Stronger law enforcement, intelligence, cross‐border cooperation, and victim support are needed while awareness should be created about the nexus of local agents, overseas middlemen, and a section of dishonest officials. Although many are aware of the dangers, risk awareness must be paired with credible alternatives so that choosing to migrate is not the only viable option.

Families left behind need safety nets, and the migrants who fail need reintegration support. Recognizing the social cost on households is key here.

If Bangladesh wants to free itself from the stigma of pursuing risky migration, it must first confront the realities driving its young people to leave.

The country’s economy may be expanding, but too many of its jobs remain insecure, poorly paid, and unsafe. Creating more employment is not enough, the focus must be on better employment work that offers dignity, fair wages, and stability.

Young people do not migrate because they lack ambition, but because they see no clear path to a sustainable future at home. Fixing that means strengthening industries, connecting education to market demand, and ensuring that rural areas are not left behind in the nation’s growth.

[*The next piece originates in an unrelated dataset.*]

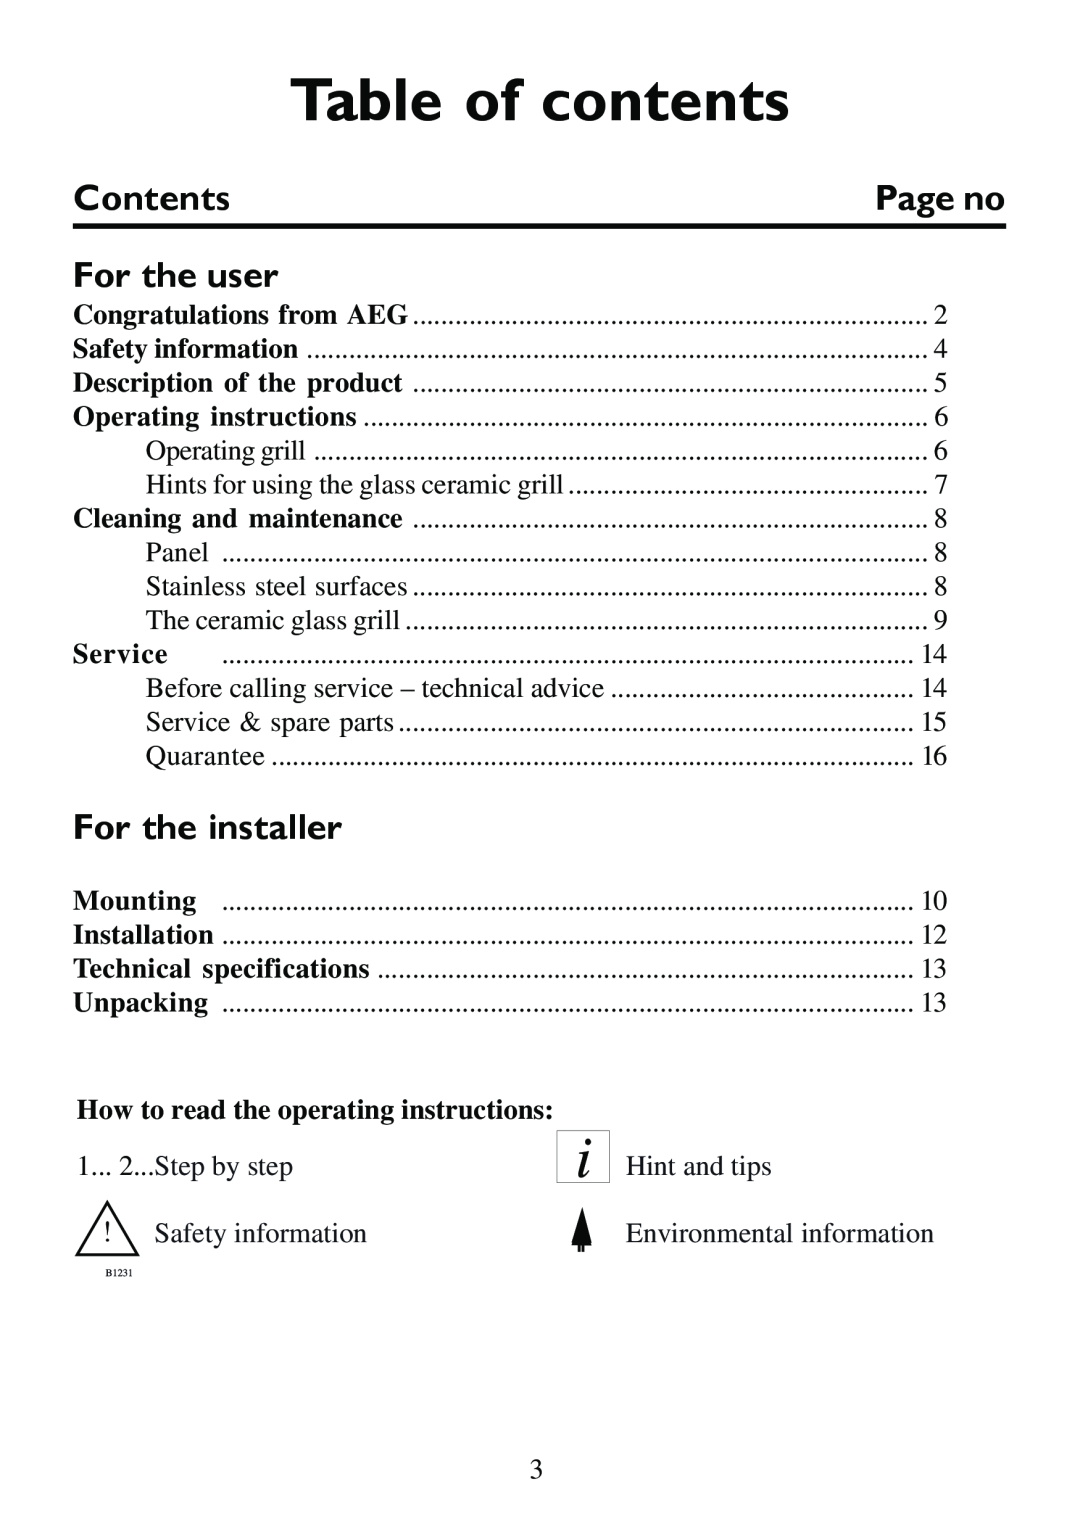 AEG 231GR-M Table of contents, Contents, For the user, For the installer, How to read the operating instructions, Page no 
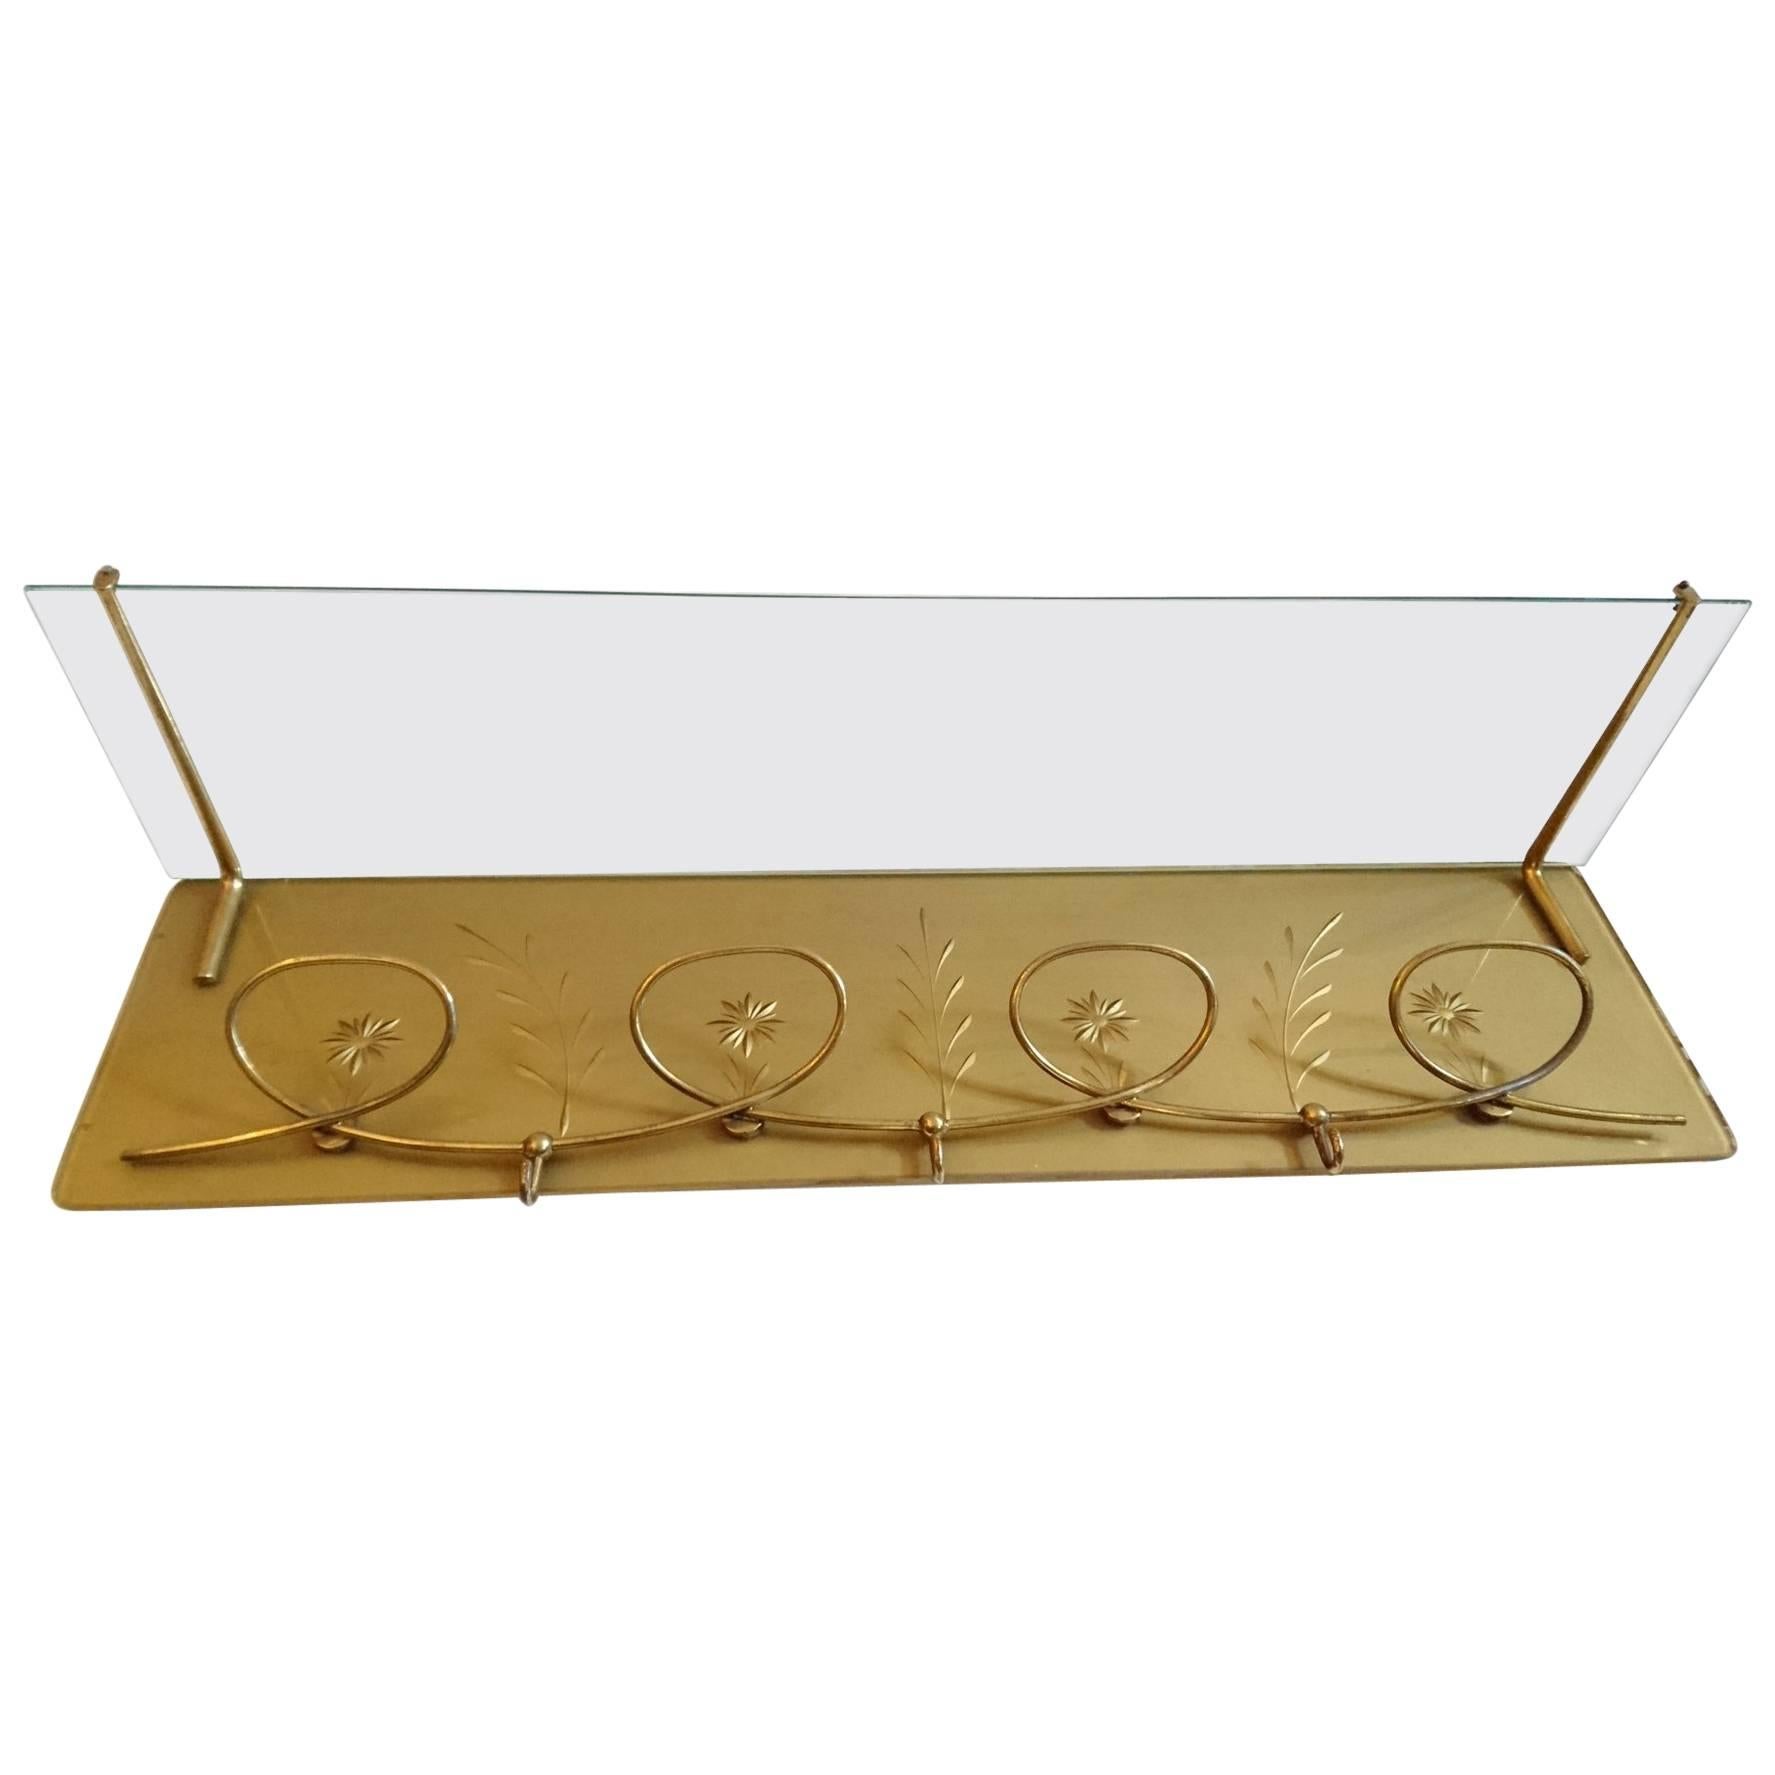 Elegant wall-mounted coat rack with a playful design in glass and brass and decorated with engraved flowers on gold base.

On this year’s International Migrants Day, the United Nations Secretary General notes: “Migration is a powerful driver of progress -- lifting economies, connecting cultures, and benefiting countries of origin and destination alike. Yet when migration is poorly governed or misrepresented, it can fuel hate and division, endangering the lives of people seeking safety and opportunity.”

Over the past decade, nearly 70,000 migrants have died or gone missing along land and sea routes, with the true number likely far higher. Borders are tightening, smugglers and traffickers are thriving, and women and children are among the most at risk.

Our youth seeking to earn foreign wages deserve the right policy support from our government, facilitating safe migration and contributing to the national economy.

Ashiana Reaz is a young professional and a freelance contributor.